1. a reference for available resources, listing datasets
1. a tool to automatically download and process resources (when freely available)
1. integration with the [experimaestro](http://experimaestro-python.rtfd.io/) experiment manager.
1. (planned) a tool that allows to copy data from one computer to another

Each datasets is uniquely identified by a qualified name such as `com.lecun.mnist`, which is usually the inversed path to the domain name of the website associated with the dataset.

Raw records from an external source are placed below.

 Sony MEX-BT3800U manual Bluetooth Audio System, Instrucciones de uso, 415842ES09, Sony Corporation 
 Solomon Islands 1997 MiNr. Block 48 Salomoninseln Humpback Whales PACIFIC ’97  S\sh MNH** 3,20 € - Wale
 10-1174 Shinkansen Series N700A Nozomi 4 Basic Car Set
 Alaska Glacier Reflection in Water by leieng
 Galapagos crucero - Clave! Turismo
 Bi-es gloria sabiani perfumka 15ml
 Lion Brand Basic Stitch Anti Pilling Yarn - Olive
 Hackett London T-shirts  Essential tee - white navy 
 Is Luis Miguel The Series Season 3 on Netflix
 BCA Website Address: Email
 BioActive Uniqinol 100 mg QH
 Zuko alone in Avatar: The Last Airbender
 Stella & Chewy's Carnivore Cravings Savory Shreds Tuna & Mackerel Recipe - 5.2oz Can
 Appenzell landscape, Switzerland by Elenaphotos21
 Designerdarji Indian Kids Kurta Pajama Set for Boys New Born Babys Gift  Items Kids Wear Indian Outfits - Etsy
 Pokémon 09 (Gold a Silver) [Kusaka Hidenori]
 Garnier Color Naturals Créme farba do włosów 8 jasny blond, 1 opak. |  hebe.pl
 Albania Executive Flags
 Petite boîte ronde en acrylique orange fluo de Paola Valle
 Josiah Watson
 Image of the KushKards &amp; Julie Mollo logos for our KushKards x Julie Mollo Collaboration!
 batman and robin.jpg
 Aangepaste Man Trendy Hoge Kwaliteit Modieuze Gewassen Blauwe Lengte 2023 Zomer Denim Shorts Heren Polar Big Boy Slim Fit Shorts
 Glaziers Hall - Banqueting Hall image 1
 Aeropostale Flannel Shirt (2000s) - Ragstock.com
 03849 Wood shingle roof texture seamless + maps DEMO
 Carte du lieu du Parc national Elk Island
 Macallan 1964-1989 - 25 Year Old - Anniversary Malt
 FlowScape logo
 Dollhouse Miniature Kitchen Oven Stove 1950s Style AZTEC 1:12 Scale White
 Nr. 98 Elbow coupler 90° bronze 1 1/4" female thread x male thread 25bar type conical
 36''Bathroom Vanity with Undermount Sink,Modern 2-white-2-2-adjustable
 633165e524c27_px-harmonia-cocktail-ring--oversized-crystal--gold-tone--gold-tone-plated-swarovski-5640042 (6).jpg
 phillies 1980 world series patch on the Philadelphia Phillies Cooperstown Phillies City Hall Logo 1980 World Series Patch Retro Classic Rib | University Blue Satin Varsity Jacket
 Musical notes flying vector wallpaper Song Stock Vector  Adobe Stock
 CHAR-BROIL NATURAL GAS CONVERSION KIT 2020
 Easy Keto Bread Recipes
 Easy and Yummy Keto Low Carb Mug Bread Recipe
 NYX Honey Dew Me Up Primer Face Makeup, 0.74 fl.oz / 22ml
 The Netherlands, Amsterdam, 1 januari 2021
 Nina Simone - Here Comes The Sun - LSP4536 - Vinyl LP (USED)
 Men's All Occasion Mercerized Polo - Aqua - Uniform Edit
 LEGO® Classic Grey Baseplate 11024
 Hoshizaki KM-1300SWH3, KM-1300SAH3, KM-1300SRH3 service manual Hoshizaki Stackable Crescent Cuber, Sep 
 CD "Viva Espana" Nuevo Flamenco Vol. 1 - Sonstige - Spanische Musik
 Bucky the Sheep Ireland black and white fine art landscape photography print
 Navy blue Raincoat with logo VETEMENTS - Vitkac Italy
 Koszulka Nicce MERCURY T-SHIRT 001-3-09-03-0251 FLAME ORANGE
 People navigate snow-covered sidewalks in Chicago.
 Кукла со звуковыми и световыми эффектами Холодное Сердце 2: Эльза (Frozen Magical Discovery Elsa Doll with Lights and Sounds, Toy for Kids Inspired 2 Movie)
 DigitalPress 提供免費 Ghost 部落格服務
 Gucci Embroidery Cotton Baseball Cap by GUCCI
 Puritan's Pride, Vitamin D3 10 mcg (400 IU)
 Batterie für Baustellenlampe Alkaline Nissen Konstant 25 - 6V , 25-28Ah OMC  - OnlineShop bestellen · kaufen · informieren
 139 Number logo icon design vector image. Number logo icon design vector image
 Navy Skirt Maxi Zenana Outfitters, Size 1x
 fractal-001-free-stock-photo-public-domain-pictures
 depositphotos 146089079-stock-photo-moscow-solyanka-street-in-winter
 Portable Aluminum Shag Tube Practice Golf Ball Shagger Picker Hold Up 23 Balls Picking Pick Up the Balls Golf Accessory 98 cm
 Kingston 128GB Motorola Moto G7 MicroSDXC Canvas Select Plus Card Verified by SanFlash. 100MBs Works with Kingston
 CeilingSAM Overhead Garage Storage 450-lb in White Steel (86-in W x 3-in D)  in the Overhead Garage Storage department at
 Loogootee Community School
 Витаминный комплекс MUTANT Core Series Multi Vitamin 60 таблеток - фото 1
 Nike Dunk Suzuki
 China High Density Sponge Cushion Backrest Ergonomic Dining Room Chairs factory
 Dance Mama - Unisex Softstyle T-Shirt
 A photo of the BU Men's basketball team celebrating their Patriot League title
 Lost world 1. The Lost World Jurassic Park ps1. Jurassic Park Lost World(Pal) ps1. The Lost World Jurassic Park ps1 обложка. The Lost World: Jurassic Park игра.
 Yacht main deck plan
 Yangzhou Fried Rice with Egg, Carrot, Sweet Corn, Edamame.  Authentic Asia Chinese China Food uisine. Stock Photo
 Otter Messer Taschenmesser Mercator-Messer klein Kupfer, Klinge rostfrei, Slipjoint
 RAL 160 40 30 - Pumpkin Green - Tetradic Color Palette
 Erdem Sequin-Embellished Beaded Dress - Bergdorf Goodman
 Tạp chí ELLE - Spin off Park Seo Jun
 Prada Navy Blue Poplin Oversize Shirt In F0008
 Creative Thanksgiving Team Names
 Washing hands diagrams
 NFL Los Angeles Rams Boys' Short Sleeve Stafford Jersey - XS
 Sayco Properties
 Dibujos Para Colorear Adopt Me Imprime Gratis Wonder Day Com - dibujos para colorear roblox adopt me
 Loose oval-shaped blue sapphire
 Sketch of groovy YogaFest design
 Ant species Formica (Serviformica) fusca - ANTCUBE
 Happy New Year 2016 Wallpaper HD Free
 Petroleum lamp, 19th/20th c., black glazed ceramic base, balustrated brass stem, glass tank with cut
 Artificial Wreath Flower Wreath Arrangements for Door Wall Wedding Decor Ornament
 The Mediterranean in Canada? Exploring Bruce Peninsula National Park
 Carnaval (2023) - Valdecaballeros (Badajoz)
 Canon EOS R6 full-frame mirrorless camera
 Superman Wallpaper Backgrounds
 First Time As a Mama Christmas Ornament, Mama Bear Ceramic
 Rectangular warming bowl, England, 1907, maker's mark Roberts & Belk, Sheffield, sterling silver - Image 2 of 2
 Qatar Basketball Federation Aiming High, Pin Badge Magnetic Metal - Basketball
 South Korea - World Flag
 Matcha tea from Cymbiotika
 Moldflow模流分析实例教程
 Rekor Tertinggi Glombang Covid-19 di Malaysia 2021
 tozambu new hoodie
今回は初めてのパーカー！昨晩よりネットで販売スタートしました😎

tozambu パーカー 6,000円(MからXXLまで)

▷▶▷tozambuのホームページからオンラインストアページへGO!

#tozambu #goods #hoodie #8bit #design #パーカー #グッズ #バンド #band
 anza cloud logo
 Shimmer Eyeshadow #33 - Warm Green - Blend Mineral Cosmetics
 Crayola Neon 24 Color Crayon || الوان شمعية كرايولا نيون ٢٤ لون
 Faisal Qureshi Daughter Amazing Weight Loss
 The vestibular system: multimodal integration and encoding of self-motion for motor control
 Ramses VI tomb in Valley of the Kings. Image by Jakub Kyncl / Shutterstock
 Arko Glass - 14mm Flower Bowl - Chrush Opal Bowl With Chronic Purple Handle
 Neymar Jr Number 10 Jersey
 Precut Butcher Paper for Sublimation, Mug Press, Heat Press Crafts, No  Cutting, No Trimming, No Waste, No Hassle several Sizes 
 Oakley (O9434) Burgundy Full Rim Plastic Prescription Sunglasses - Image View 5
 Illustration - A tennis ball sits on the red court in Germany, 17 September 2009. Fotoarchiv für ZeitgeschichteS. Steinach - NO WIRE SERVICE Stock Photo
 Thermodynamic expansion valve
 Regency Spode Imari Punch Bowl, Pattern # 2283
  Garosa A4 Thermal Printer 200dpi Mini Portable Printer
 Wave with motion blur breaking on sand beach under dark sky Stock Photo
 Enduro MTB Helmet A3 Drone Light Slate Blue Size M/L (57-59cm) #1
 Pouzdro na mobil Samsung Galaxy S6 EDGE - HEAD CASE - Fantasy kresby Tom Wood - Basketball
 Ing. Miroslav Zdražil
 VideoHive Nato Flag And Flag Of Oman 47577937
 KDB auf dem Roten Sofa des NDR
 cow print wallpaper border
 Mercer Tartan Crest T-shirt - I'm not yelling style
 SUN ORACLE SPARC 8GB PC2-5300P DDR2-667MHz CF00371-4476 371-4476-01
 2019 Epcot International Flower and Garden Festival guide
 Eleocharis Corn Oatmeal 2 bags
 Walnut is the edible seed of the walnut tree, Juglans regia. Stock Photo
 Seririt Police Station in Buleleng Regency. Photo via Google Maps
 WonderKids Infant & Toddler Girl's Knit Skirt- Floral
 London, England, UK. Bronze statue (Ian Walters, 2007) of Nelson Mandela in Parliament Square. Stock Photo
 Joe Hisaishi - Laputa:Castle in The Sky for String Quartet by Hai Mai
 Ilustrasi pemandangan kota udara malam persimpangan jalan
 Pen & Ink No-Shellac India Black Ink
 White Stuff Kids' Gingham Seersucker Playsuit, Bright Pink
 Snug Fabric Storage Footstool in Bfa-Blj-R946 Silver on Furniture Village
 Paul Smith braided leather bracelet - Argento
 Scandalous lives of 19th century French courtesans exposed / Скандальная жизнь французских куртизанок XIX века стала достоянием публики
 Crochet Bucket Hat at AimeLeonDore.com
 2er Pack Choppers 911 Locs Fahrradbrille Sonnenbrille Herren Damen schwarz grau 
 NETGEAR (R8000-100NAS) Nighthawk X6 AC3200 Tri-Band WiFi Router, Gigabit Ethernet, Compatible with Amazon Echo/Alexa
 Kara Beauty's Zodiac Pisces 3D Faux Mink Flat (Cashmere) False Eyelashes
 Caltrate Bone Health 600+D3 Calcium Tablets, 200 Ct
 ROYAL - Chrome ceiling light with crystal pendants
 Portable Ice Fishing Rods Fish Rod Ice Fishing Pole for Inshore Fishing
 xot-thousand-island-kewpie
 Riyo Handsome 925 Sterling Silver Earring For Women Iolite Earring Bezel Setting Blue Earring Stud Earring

The main repository only deals with very generic processing (downloading, basic pre-processing and data types). Plugins can then be registered that provide access to domain specific datasets.



## List of repositories

- [Information Retrieval](https://github.com/bpiwowar/experimaestro-ir) [![PyPI version](https://badge.fury.io/py/experimaestro-ir.svg)](https://badge.fury.io/py/experimaestro-ir)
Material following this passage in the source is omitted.